## Task directions
Transcribe exactly, and only, the lines running from the one that contains "Johannesburg map, satellite" through the last line of the material. No pictures.

## Input data
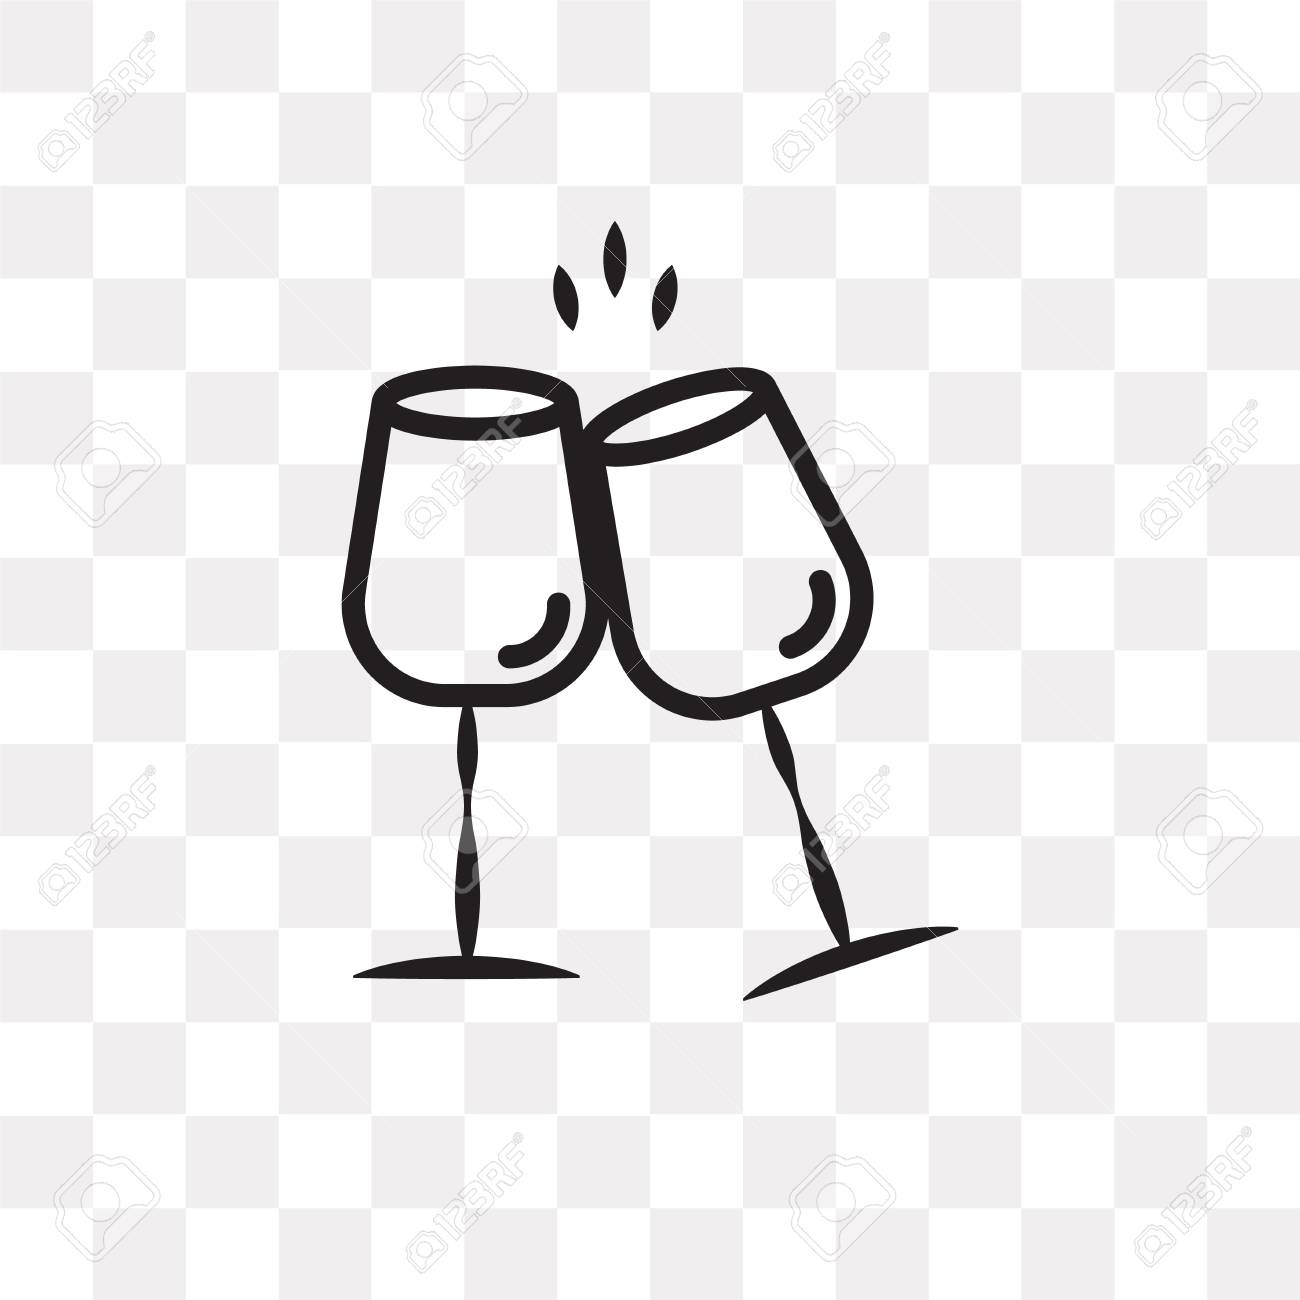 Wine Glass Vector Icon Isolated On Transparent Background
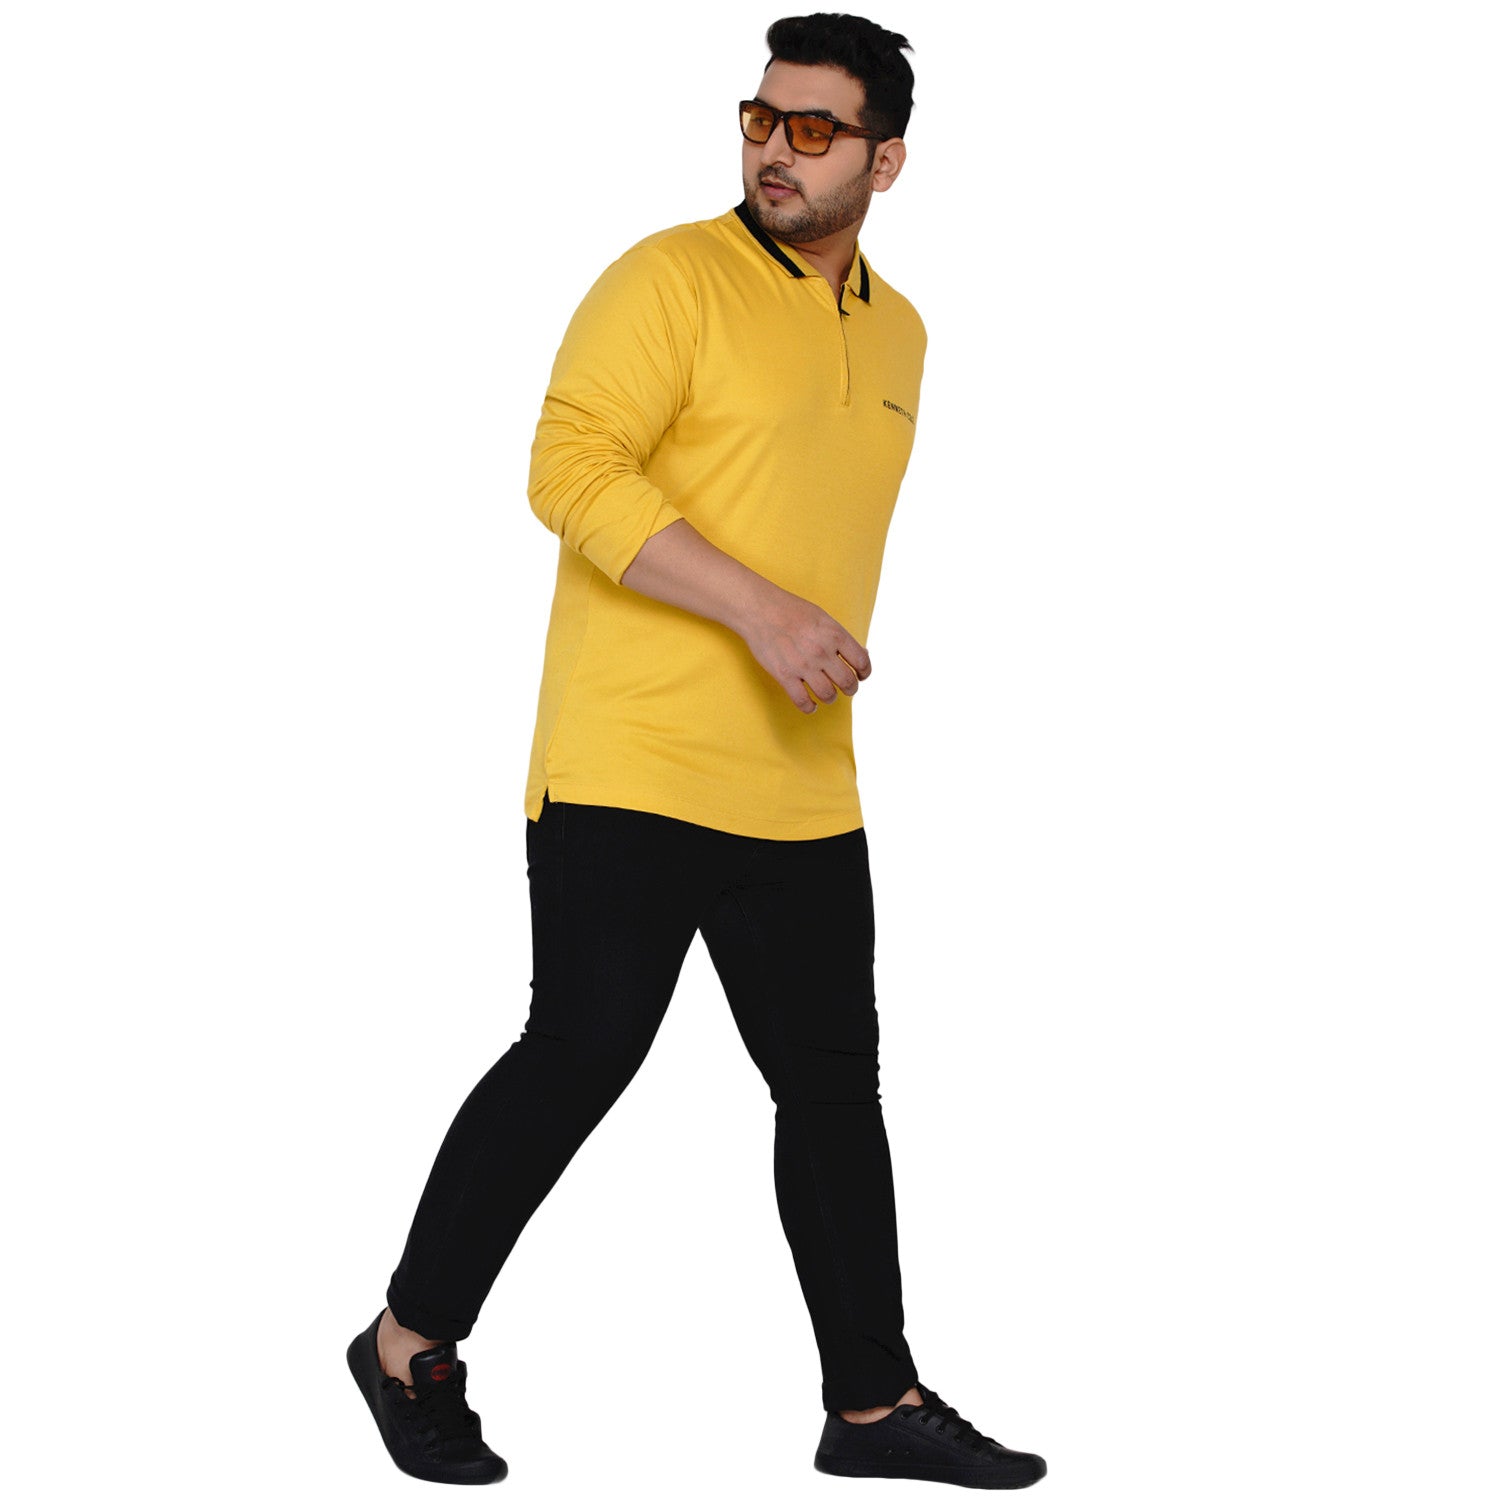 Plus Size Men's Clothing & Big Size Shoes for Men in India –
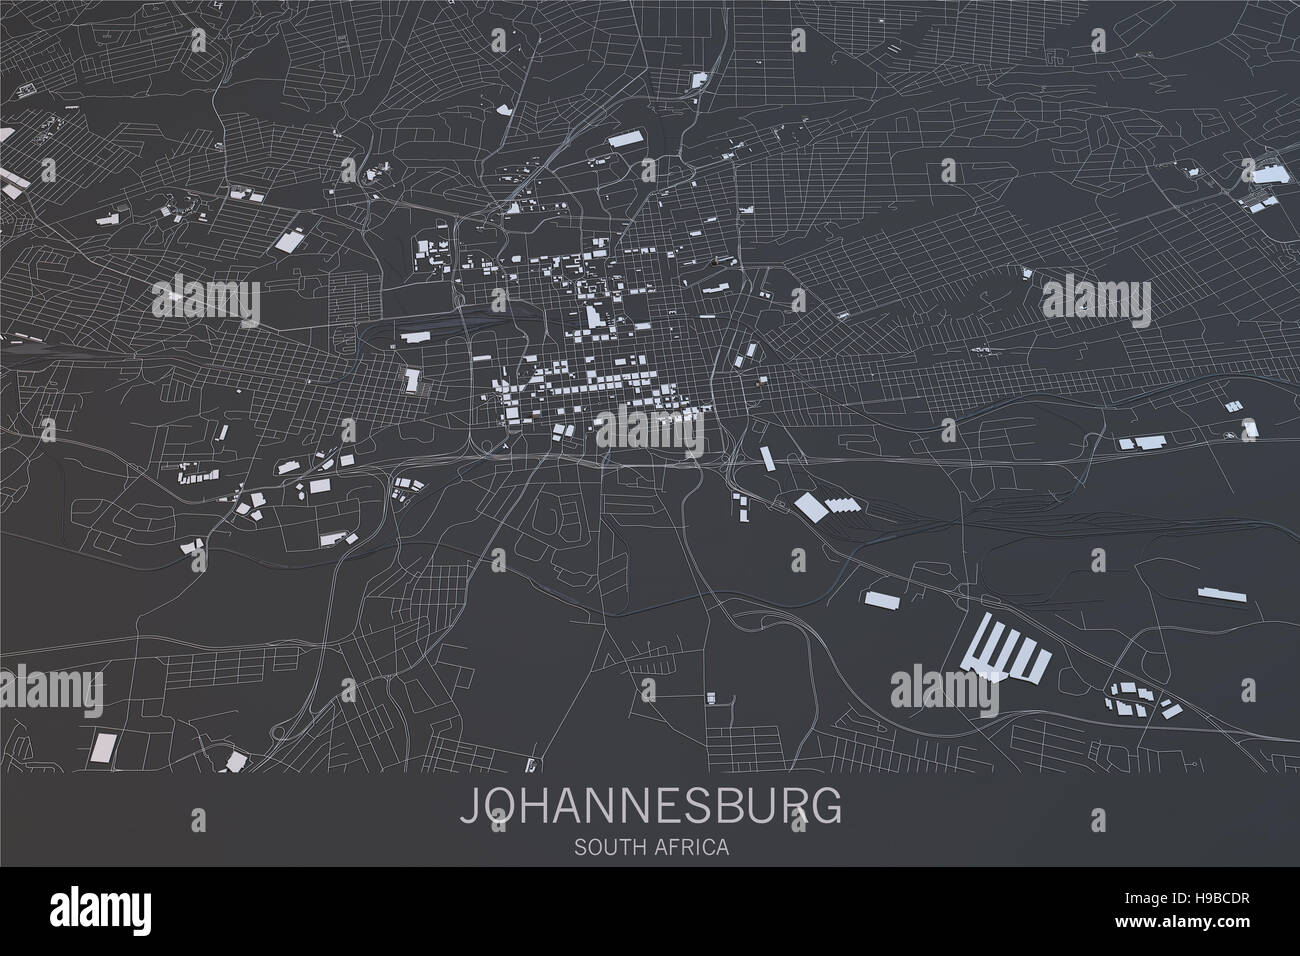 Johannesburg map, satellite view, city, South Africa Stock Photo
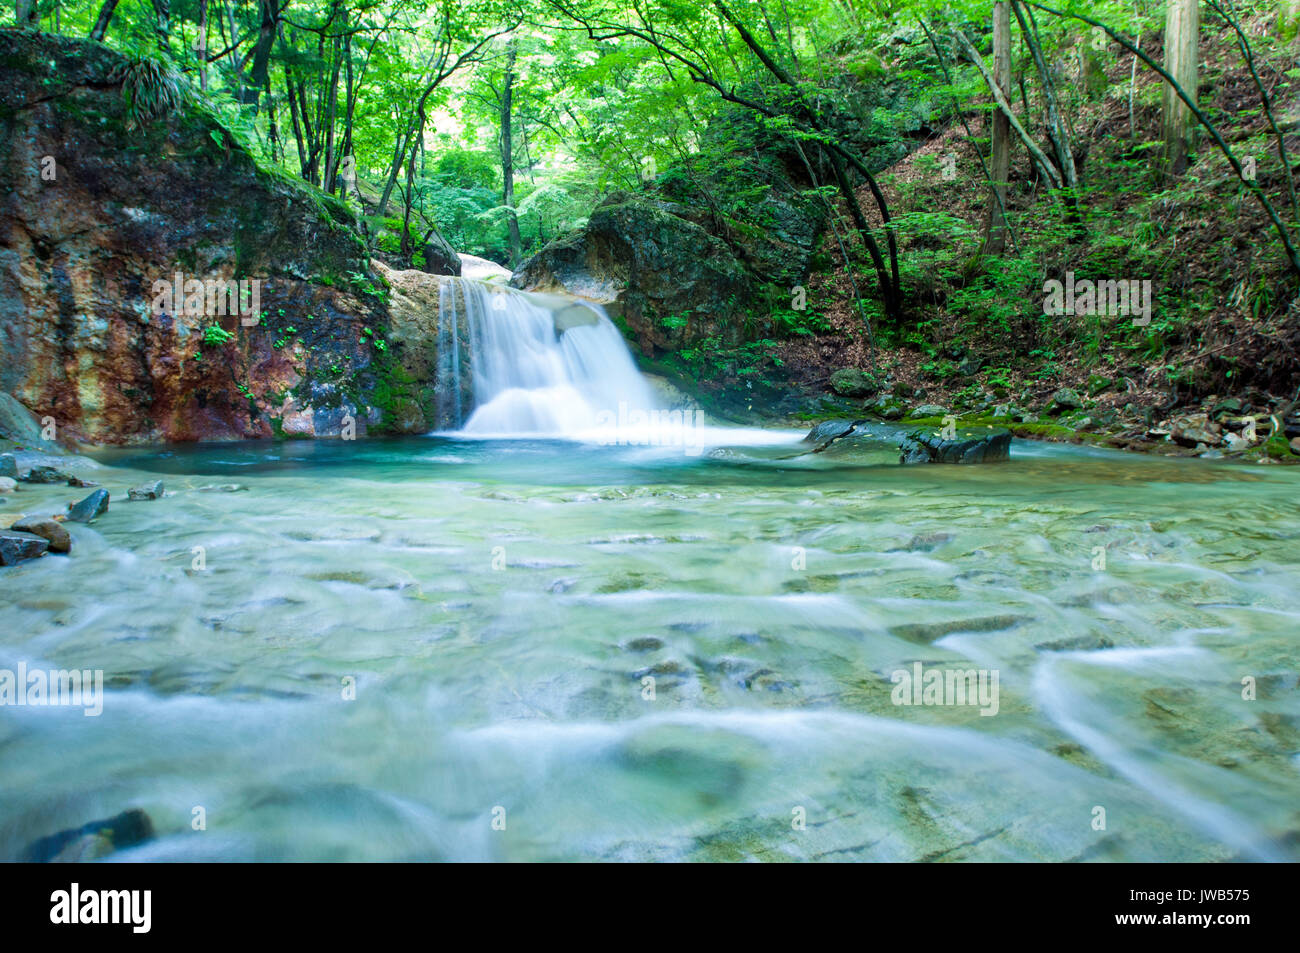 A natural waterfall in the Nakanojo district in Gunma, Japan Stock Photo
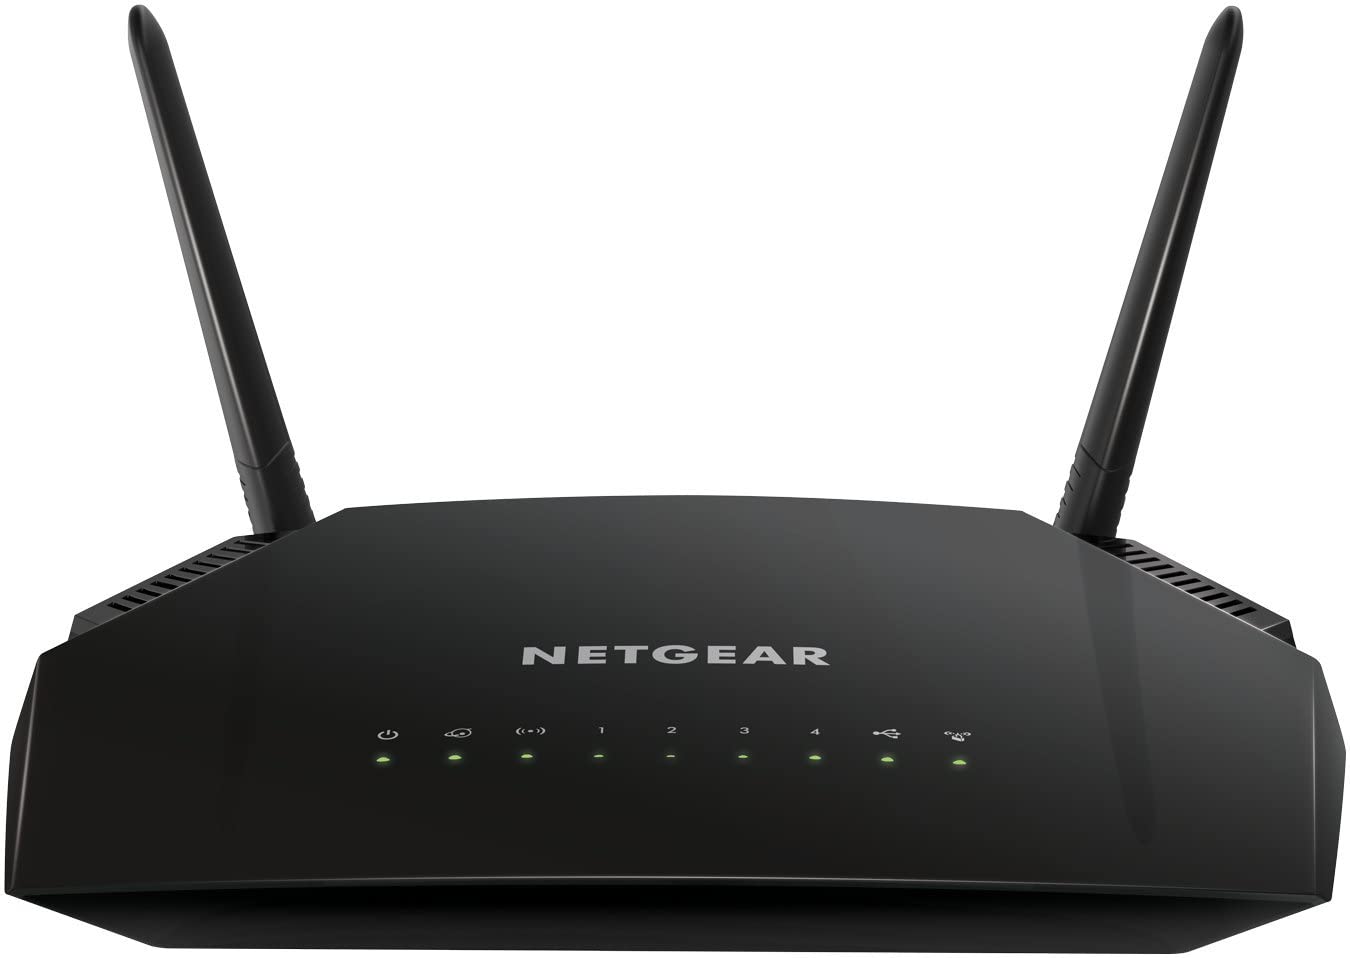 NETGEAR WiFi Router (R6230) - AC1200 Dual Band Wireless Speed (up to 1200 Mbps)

## Reply to the exercise
 Johannesburg map, satellite view, city, South Africa Stock Photo
 A natural waterfall in the Nakanojo district in Gunma, Japan Stock Photo
 NETGEAR WiFi Router (R6230) - AC1200 Dual Band Wireless Speed (up to 1200 Mbps)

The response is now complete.